I watched, entranced, at the largest migrating mammal of the north. From Russia and Scandinavia, to the Americas, like the wildebeest migrations of Africa, hundreds of thousands of deer move thousands of kilometres. Some of them, especially the porcupine caribou of Alaska can move 3000 kilometres in a season. But the large flowing rivers of caribou are no longer the norm. Even as late as 1939 native American chiefs remember waiting ten hours for a herd of deer to ford a river. That must have been a roaring torrent of hooves. A cacophony of clicking knees, an anatomical peculiarity that allow the deer to keep track of each other in a snow blizzard. But those days are long gone. Very large herds can now be counted on two hands and each herd is monitored by wildlife managers and scientists. The days of ranging vast and wild seem numbered. The IUCN have placed the deer as vulnerable, only one step away from being endangered. All of Santa’s deer; the quicksilver Dasher and Blitzen, the extrovert Dancer and Prancer, the easy going Comet and Cupid, the dashing Vixen and Donner and the lovable Olive and Rudolph, need saving.
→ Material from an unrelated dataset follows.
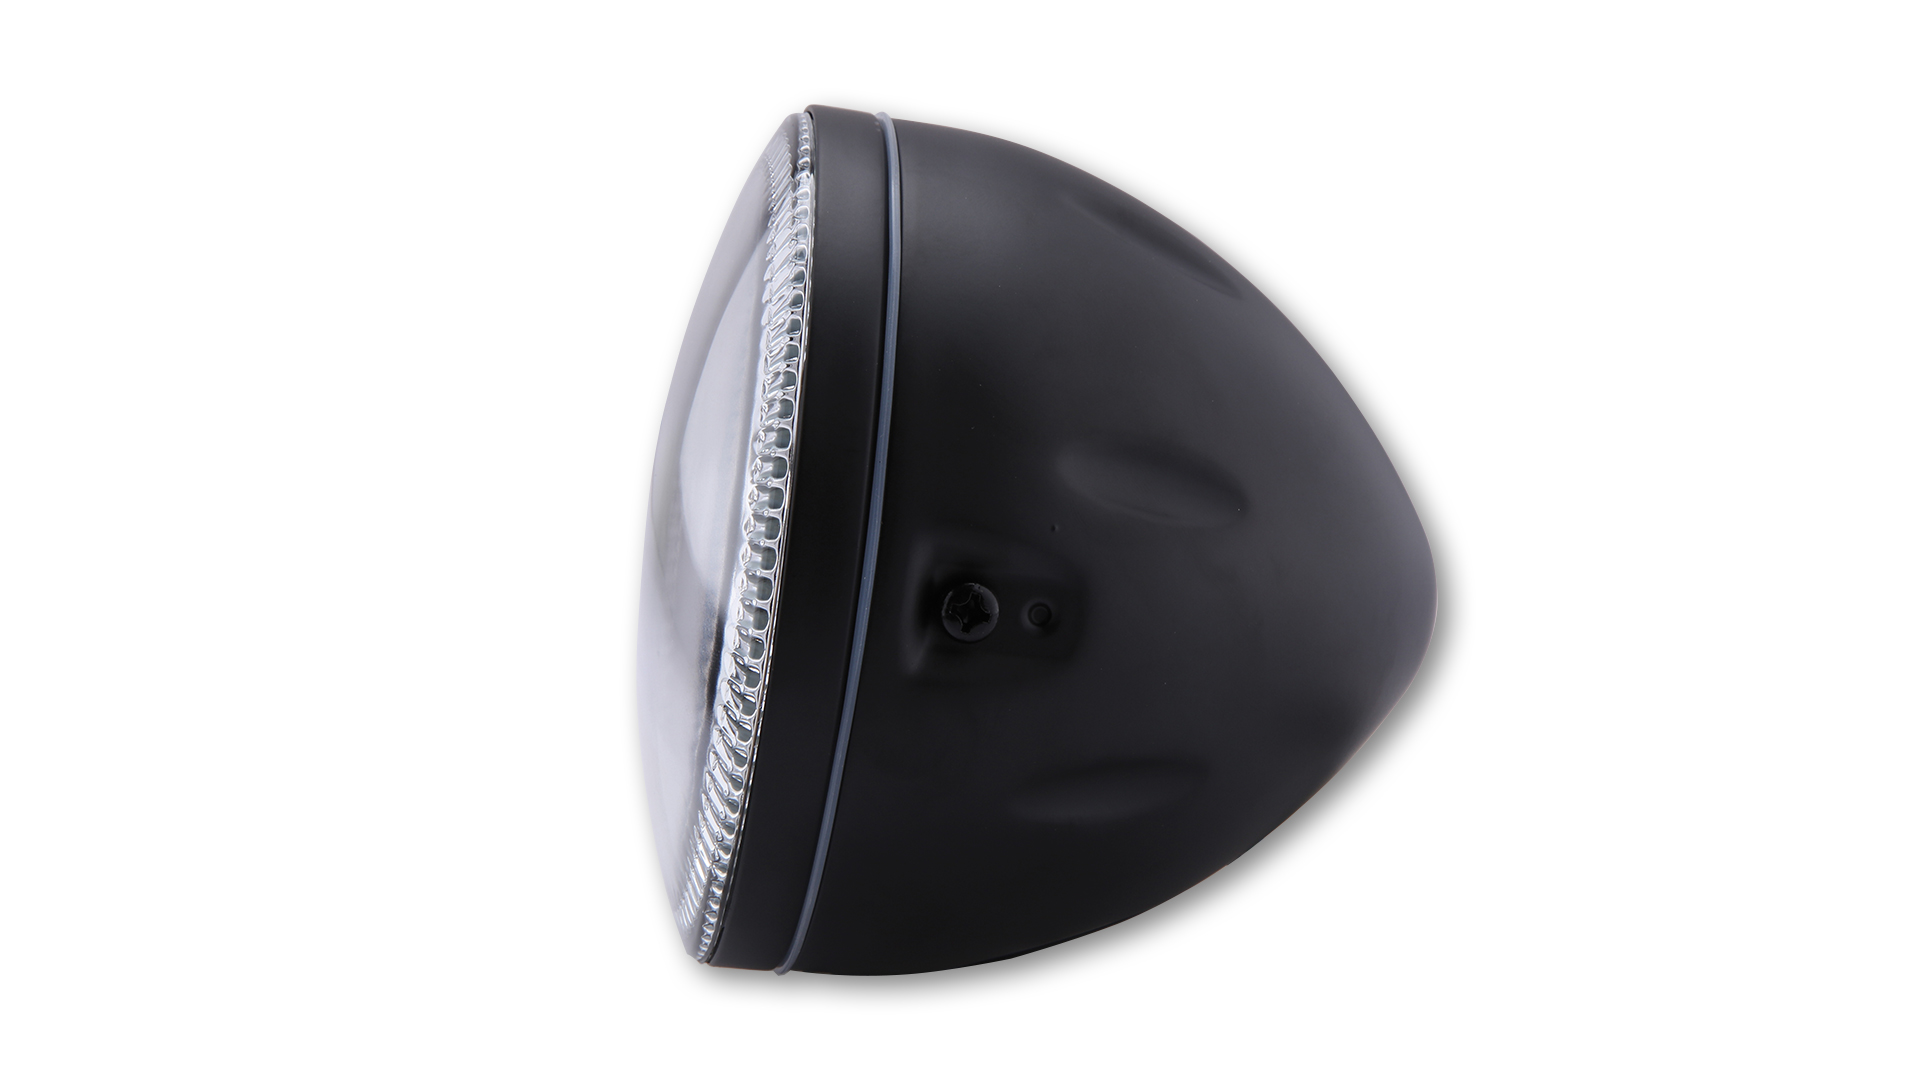 HIGHSIDER Faro principal de 5 3/4 pulgadas SKYLINE con anillo de luz de estacionamiento LED, carcasa metálica negra, H4, 12V 60/55 W, montaje lateral, homologado E.

The Ilhalmiut have a saying, “Once upon a time there were no caribou on the earth. But there was a man who wished for caribou, and he cut a hole, deep in the ground, and up this hole came caribou, many caribou. The caribou came pouring out, until the earth was almost covered with them. And when the man thought there were caribou enough for mankind, he closed up the hole again. Thus the caribou came up on earth”. We need to find that man again and he needs to dig up another hole. For, the world is losing its truly wild caribou at rates that will need the magic of the People of the Deer. Nothing else, it seems, will bring them back.